Daniel había llegado.

Entró despacio, como quien sabe que cualquier palabra puede provocar una explosión.

—Elena…

No levanté la vista de la pantalla.

—¿Terminó la reunión con tu secretaria?

Él dejó las llaves sobre el recibidor.

—Necesitamos hablar con calma.

—Cinco años casados y ahora descubres que hablar con calma era importante.

Daniel respiró profundamente.

—No pasó nada entre Mia y yo.

Me giré lentamente hacia él.

—Entonces explícame por qué reservaste la misma habitación de hotel tres veces.

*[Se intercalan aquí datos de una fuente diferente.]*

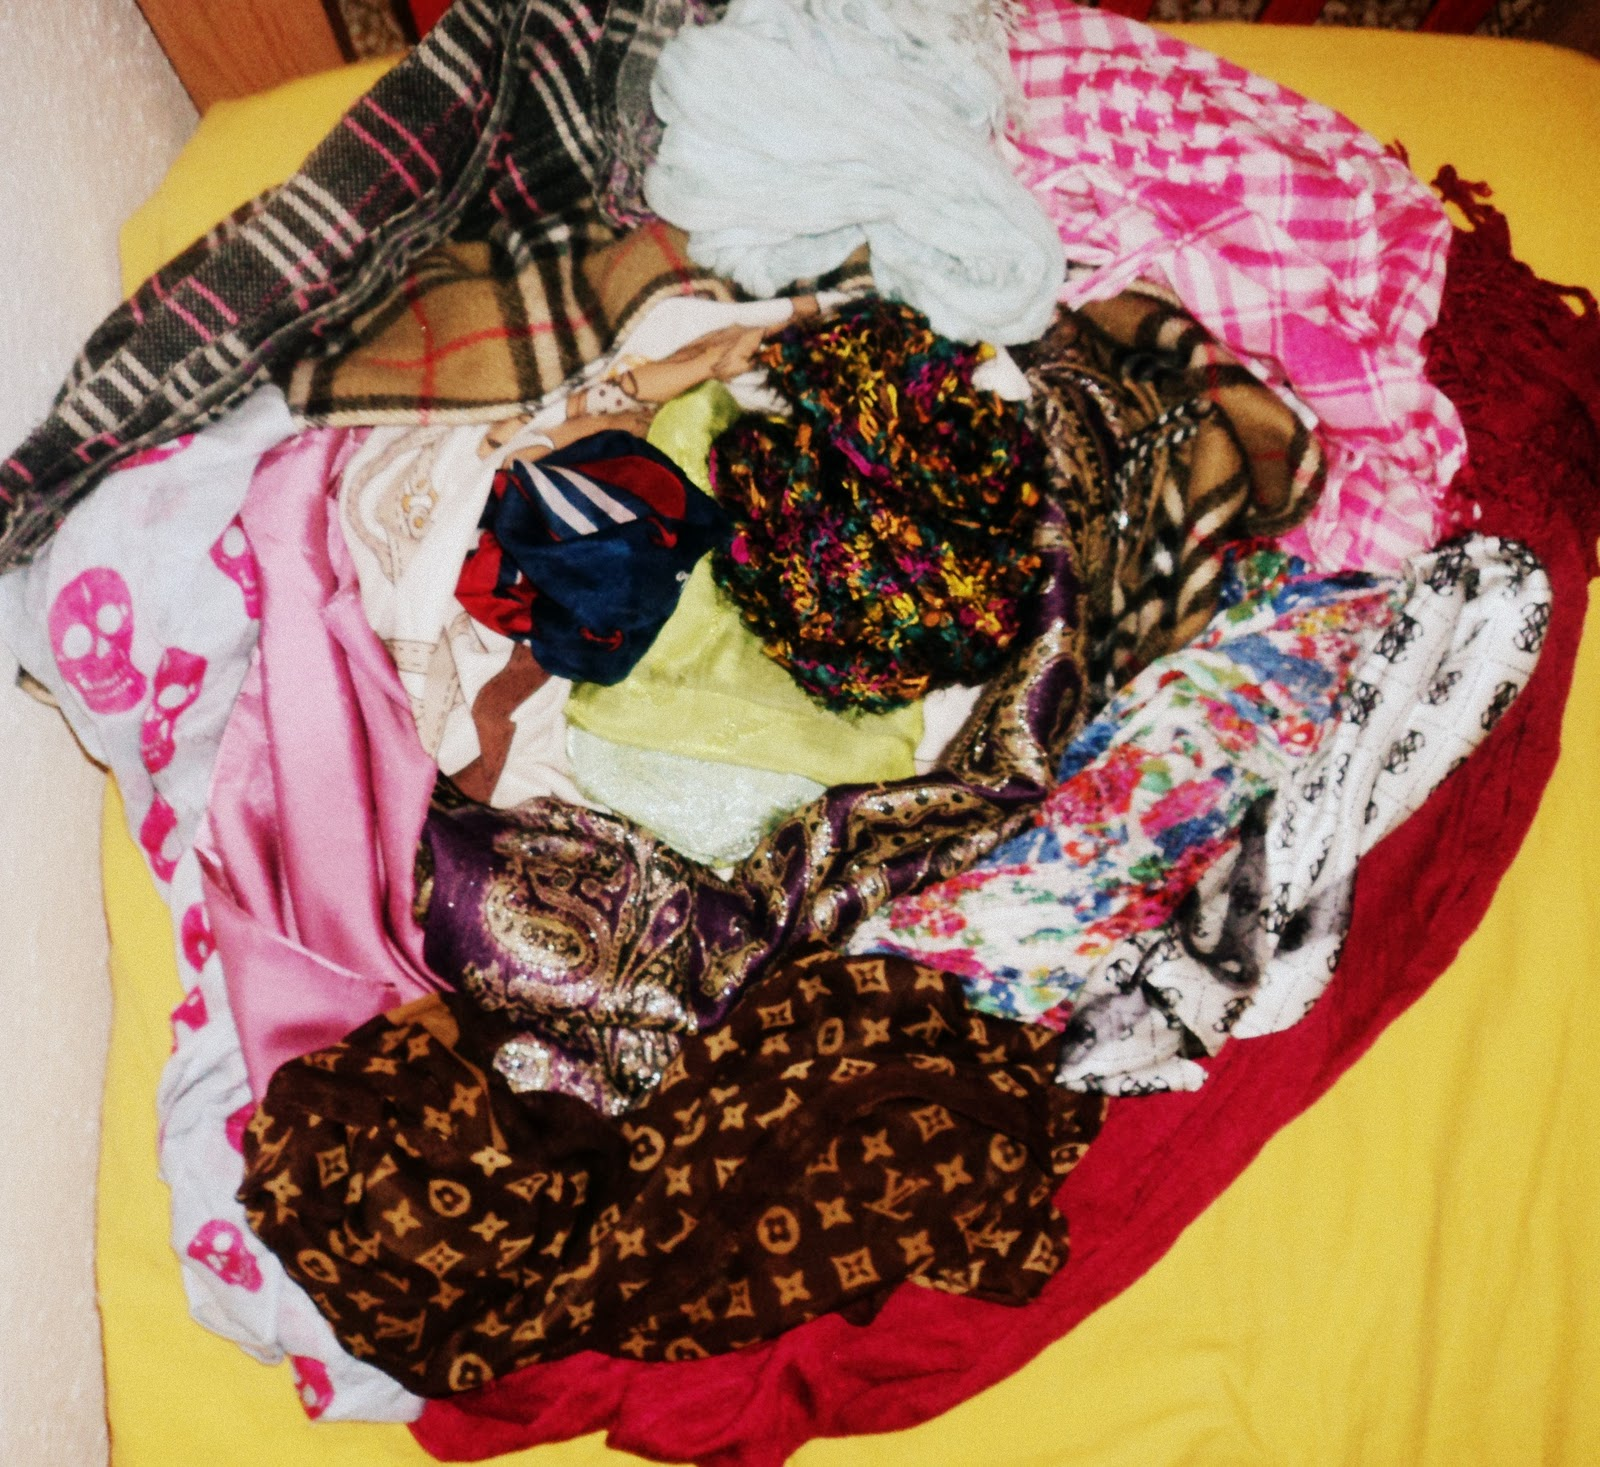 più recente e362a 02002 ✿ Inside Fashion World ✿: Magic scarf and foulard ♡

Por primera vez vi auténtico miedo en sus ojos.

Duró apenas un segundo.

Después recuperó la compostura.

—La empresa hace las reservas automáticamente.

—Qué curioso.

Giré la computadora para que pudiera verla.

—Porque la empresa también pagó tres cenas románticas para dos.

Él tragó saliva.

—Era con clientes.

—¿Siempre el mismo cliente?

Silencio.

—¿Y también era un cliente quien dormía sobre tus piernas en el avión?

Daniel comenzó a caminar nervioso por la sala.

—Estás armando una historia con cosas que no entiendes.

Me puse de pie.

—Entonces ayúdame a entender.

Él abrió la boca.

La volvió a cerrar.

No tenía ninguna explicación.

En ese instante sonó su teléfono.

La pantalla se iluminó sobre la mesa.

MIA COLLINS.

Los dos miramos el nombre al mismo tiempo.

Daniel intentó tomar el teléfono.

Yo fui más rápida.

Contesté.

—¿Señor Carter? —preguntó la voz temblorosa de Mia.

No respondí.

Ella continuó hablando sin saber quién escuchaba.

El director quiere vernos. Descubrió los cambios en los informes de gastos. Dice que alguien revisó las facturas del hotel.

Mi corazón dio un vuelco.

Daniel me arrebató el teléfono.

—Te llamo después.

Colgó de inmediato.

Durante unos segundos ninguno habló.

Hasta que sonreí.

Muy despacio.

—Interesante.

Daniel negó con la cabeza.

—No es lo que piensas.

—Hoy has repetido esa frase tantas veces que empieza a perder sentido.

Él pasó ambas manos por su rostro.

Parecía agotado.

Pero no sentía lástima.

Solo quería la verdad.

—Hay cosas de la empresa que no puedo contarte.

—Perfecto.

Entonces tampoco podré contarte lo que pienso hacer mañana.

Sus ojos se estrecharon.

—¿Qué significa eso?

Tomé mi bolso.

—Voy a visitar tu oficina.

Él dio un paso adelante.

—No.

Aquella respuesta fue demasiado rápida.

Demasiado desesperada.

—¿Por qué no?

—Porque vas a empeorar las cosas.

Lo observé fijamente.

Aquello no sonaba como un hombre preocupado por un matrimonio.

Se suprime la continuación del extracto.